Write out the listing below in its entirety, minus the pictures, without changing a word.

• [Collected data]
* * * *

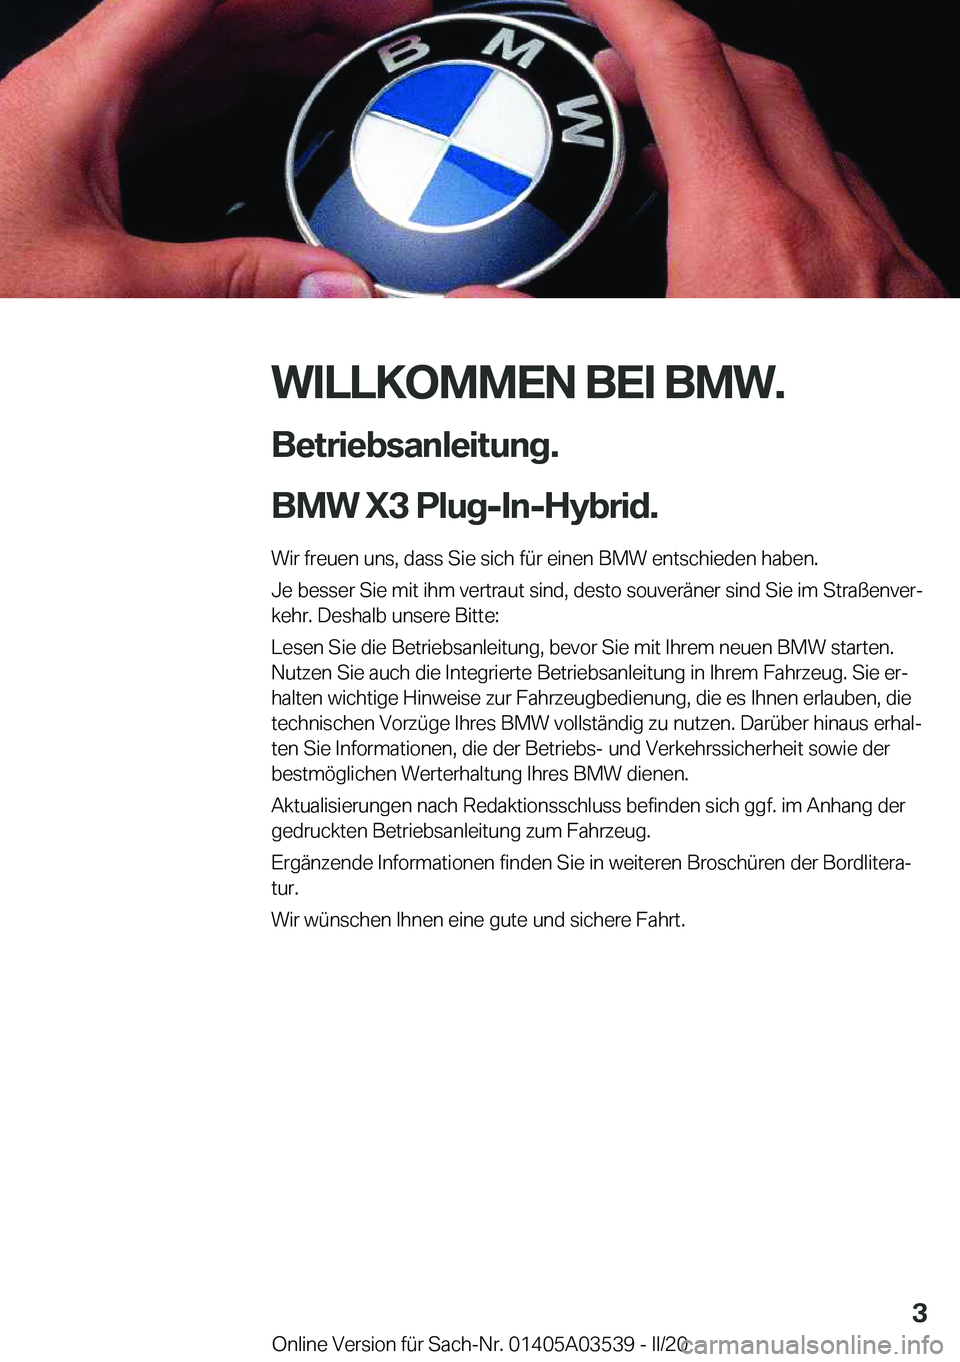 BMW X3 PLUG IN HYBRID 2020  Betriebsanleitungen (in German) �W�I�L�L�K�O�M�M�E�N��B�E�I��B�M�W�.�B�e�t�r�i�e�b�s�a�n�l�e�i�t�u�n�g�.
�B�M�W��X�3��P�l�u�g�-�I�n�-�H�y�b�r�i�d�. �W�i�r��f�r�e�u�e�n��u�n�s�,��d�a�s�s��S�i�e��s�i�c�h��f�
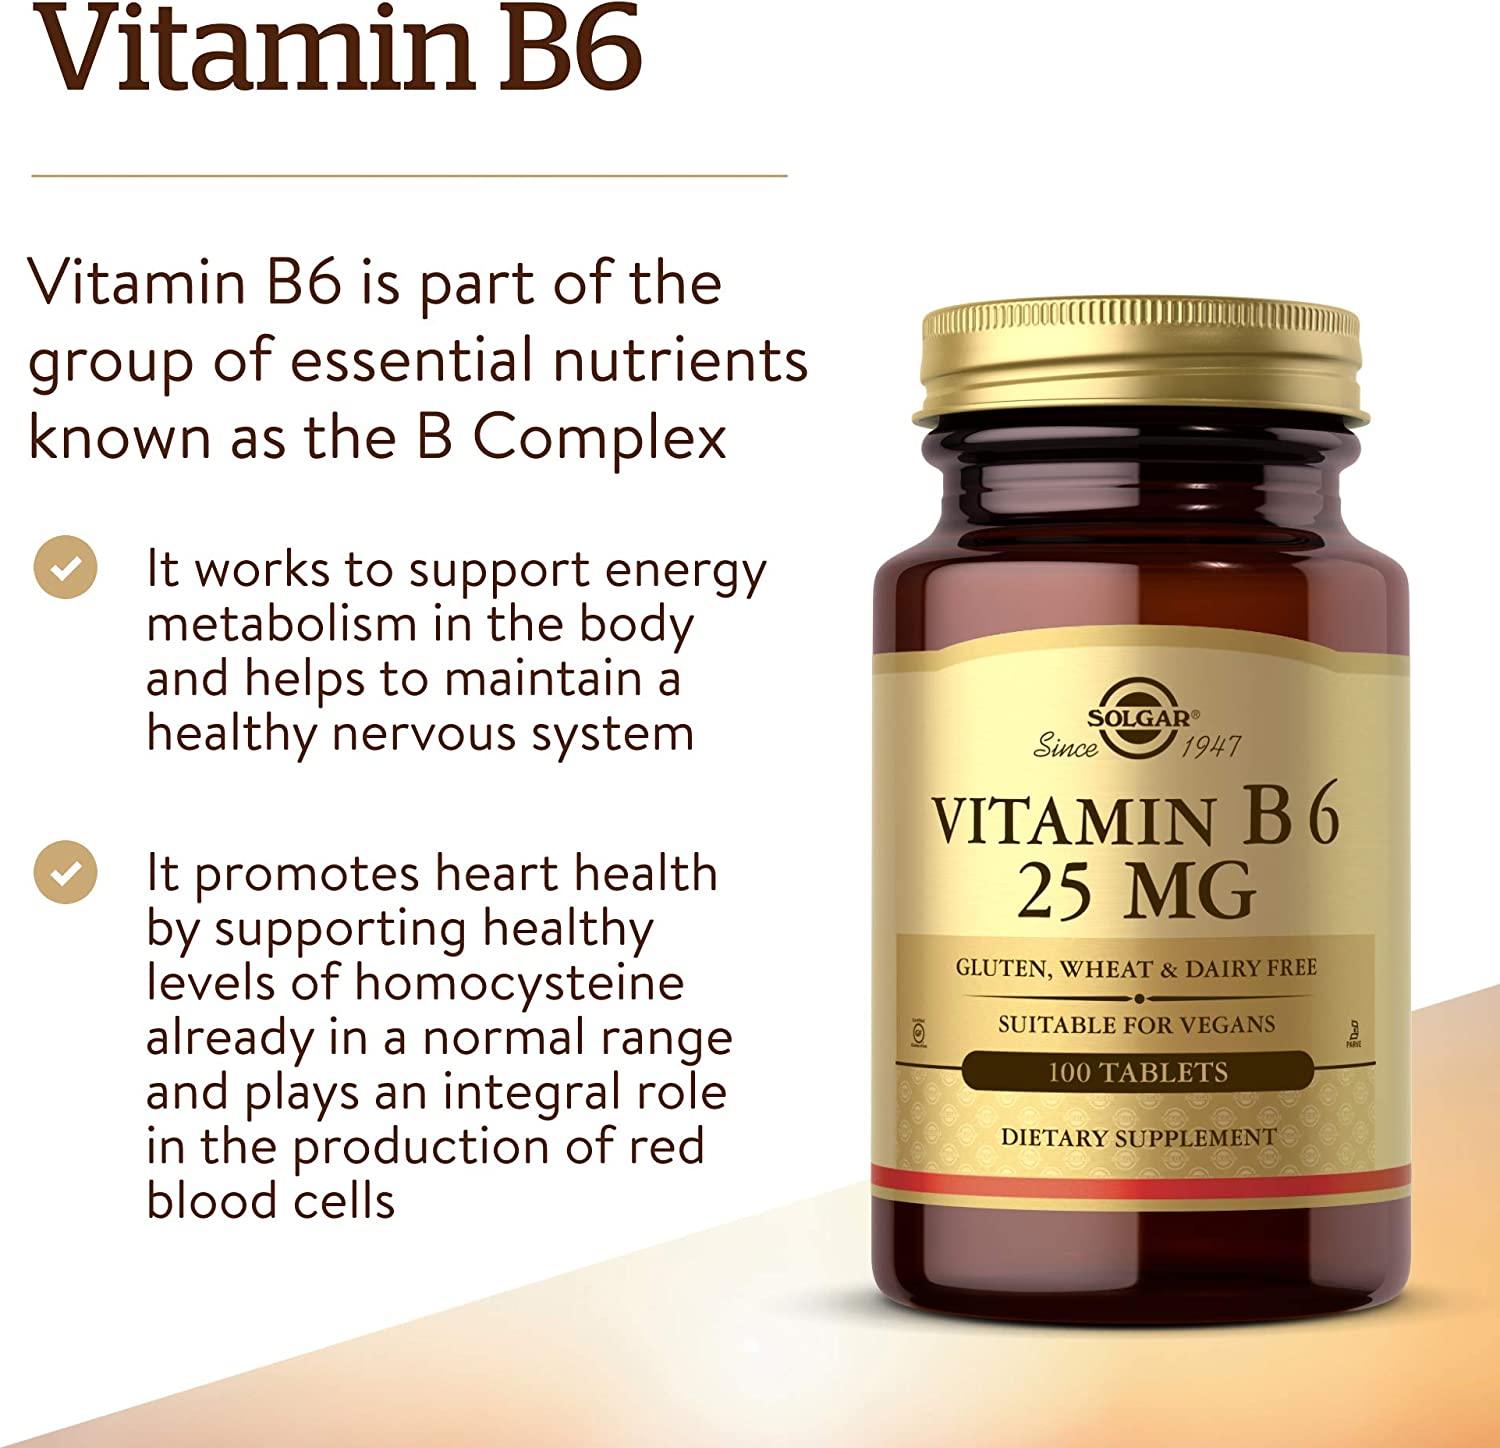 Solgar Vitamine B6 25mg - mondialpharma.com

* * * *

• [Task result]
 BMW X3 PLUG IN HYBRID 2020  Betriebsanleitungen (in German) �W�I�L�L�K�O�M�M�E�N��B�E�I��B�M�W�.�B�e�t�r�i�e�b�s�a�n�l�e�i�t�u�n�g�.
�B�M�W��X�3��P�l�u�g�-�I�n�-�H�y�b�r�i�d�. �W�i�r��f�r�e�u�e�n��u�n�s�,��d�a�s�s��S�i�e��s�i�c�h��f�
 Solgar Vitamine B6 25mg - mondialpharma.com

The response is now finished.